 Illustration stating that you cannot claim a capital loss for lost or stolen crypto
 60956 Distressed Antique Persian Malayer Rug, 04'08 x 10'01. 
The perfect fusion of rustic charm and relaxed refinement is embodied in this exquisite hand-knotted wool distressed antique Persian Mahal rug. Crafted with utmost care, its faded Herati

·····

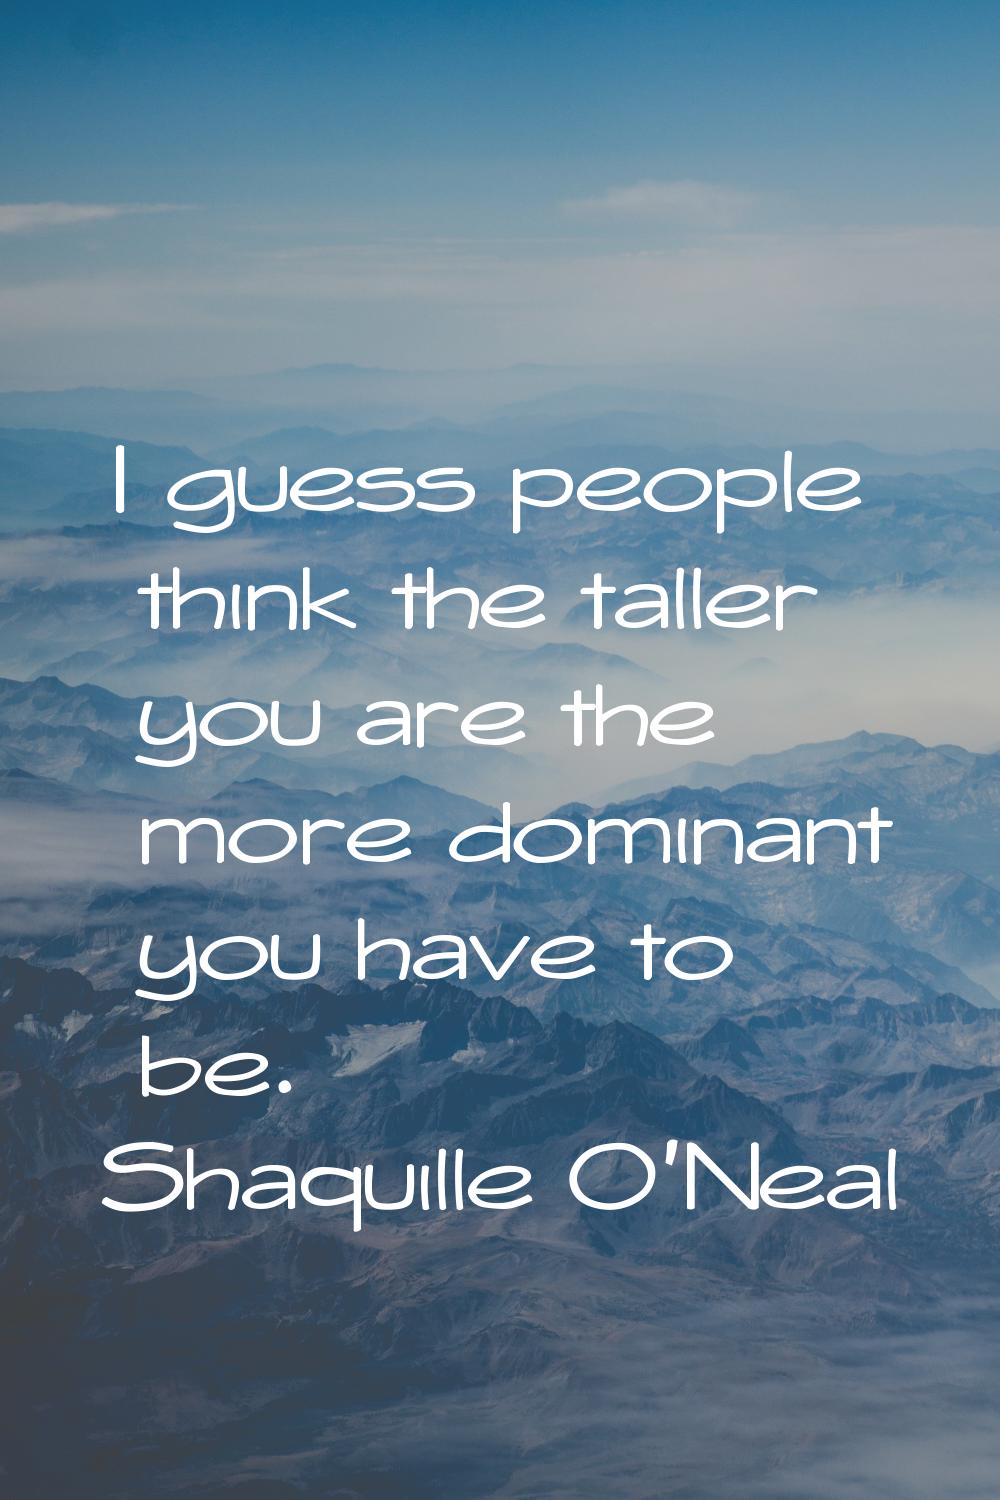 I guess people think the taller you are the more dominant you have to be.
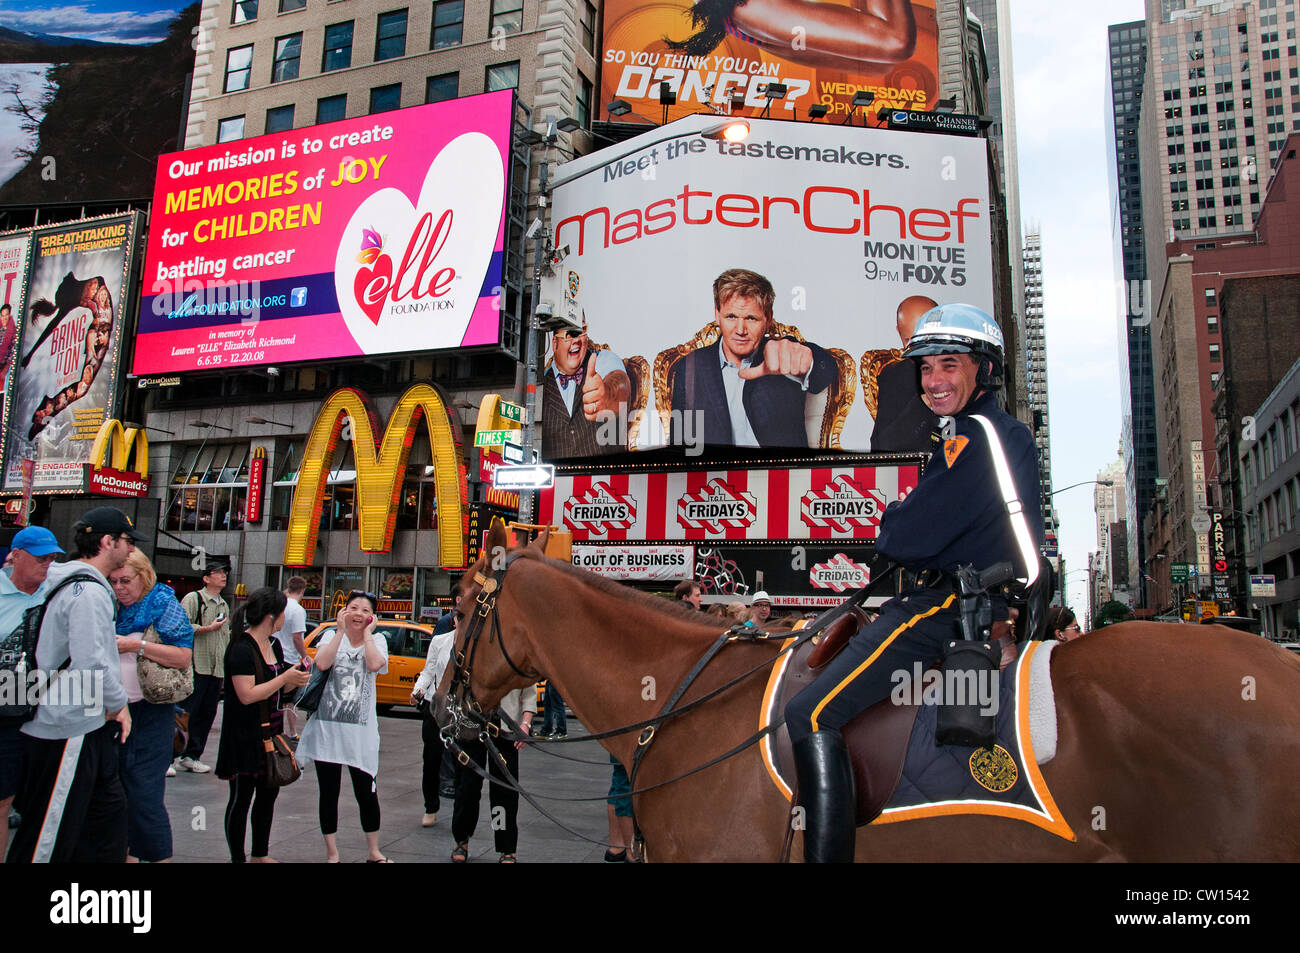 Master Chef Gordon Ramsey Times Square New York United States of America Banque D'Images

·····

● Your objective
What should come back is an exact copy of the lines above from the line with "I guess people" to the line with "Master Chef Gordon", both included, minus the pictures.

● Task solution
 I guess people think the taller you are the more dominant you have to be.
 Master Chef Gordon Ramsey Times Square New York United States of America Banque D'Images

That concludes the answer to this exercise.